The vehicle, which also is equipped with a speed-sensitive transmission and six-caliper piston brakes on the 21-inch wheels, also seemed quite stable and always under control.

The X5 M50i is powered by a 4.4-liter, 32-valve twin-turbo V-8 engine putting out 600 hp.

(BMW may go for a plug-in hybrid with upcoming X8 M.)

Stepping into the interior of the X5 M is like stepping into the house of someone with both good taste and a great deal of money. You cannot help but be impressed by the quality of the materials used to furnish of the cabin and the quality of the presentation of technical features.

Bits of color emphasize the M control buttons on the center console, on the M Leather steering wheel and gearshift lever. Illuminated door sill plates, specific to each model are standard as is carbon fiber trim.

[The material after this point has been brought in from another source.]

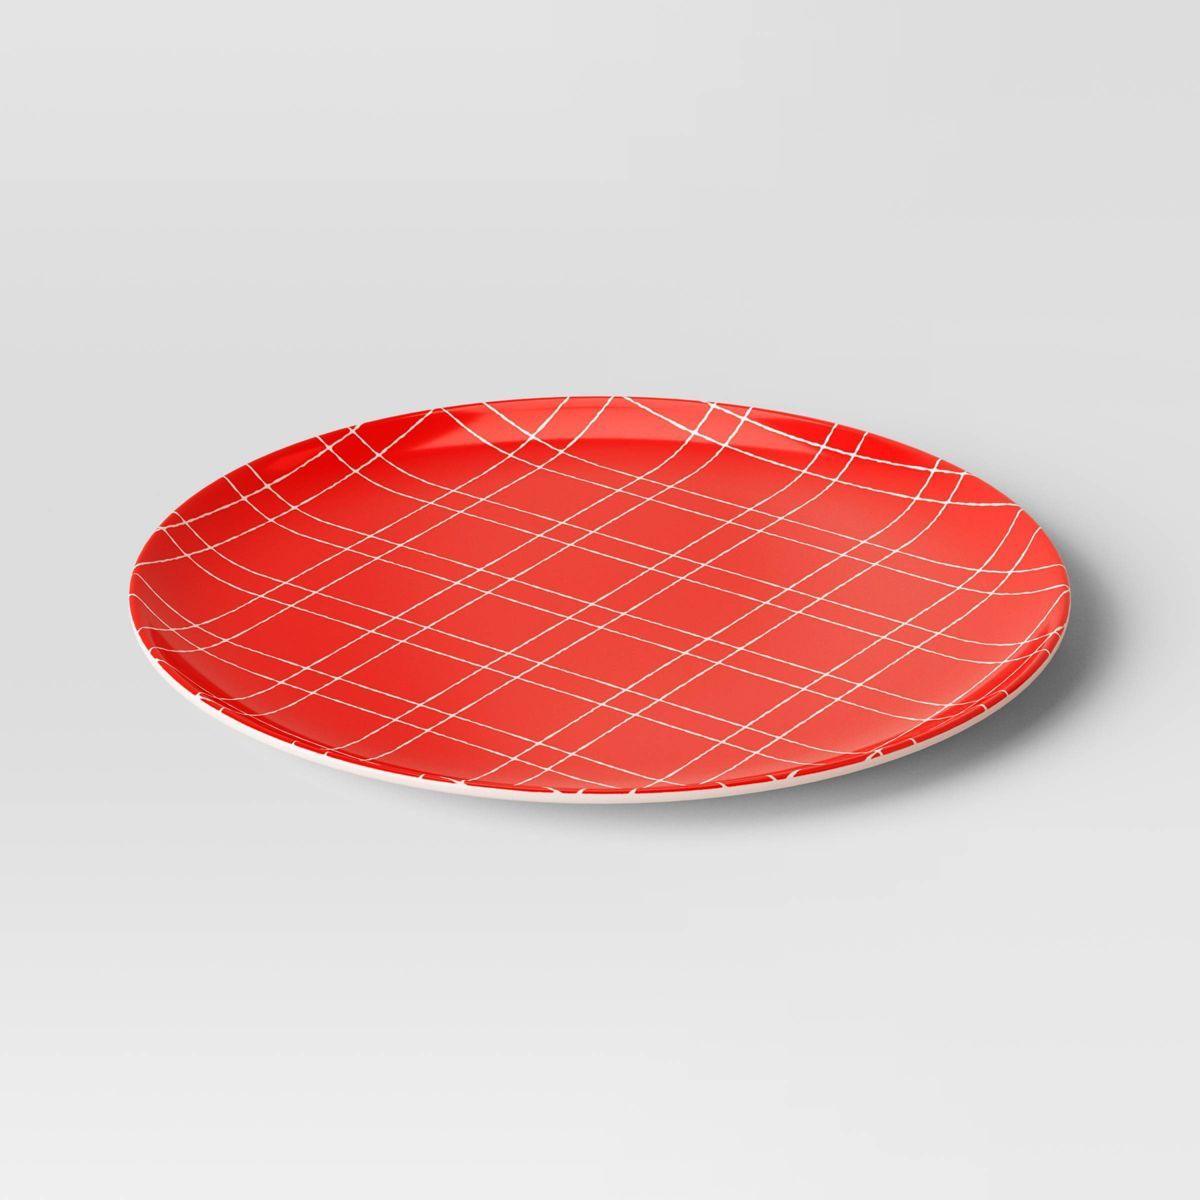 10" Christmas Melamine Plaid Dinner Plate Red - Wondershop™ | Target

I know purists have never gotten over the introduction of the I-Drive, which is supposed make it easier to handle the steadily increasing amount of information available in a modern automobile, especially if its confected with wireless network with Bluetooth. The seventh generation I-Drive with its rotary dial is standard on the 2020 X5 M. The on-board navigation system and voice recognition system are also very effective.

The 2020 BMW X5 comes with a long list of standard and optional driver assistance systems, including cruise control that can take the vehicle up to 130 mph and back down with automatic braking, according to the vehicle’s engineering specifications.

Stepping into the interior of the X5 M is like stepping into the house of someone with both good taste and a great deal of money.

The driver assistance systems process camera images as well as the data gathered by ultrasonic and radar sensors that monitor the vehicle’s surroundings, to warn of potential hazards and to curb the risk of an accident with corrective braking or steering inputs. The clarity of the images assembled by the system is excellent and offers drivers a better sense of everything around the vehicle at the critical moments when the vehicle is started and put into gear.

The driver assistance features include Blind Spot Detection, Lane Departure Warning, Rear Collision Warning, Frontal Collision Warning and Pedestrian Warning with City Collision Mitigation (which now also alerts the driver if cyclists are detected) Cross Traffic Alert Rear, and Speed Limit Information.

(First Look: 2020 BMW X5 M and X6 M.)

The power in the on-board computers and the engine are not cheap and when loaded into the 2020 X5 M Series and the results are pricey. The base price on the vehicle I drove was more than $82,000 and the final price for the manufacturer’s suggested retail price for model I drove was $97,195.

The results are very impressive blend of power, technology and craftsmanship.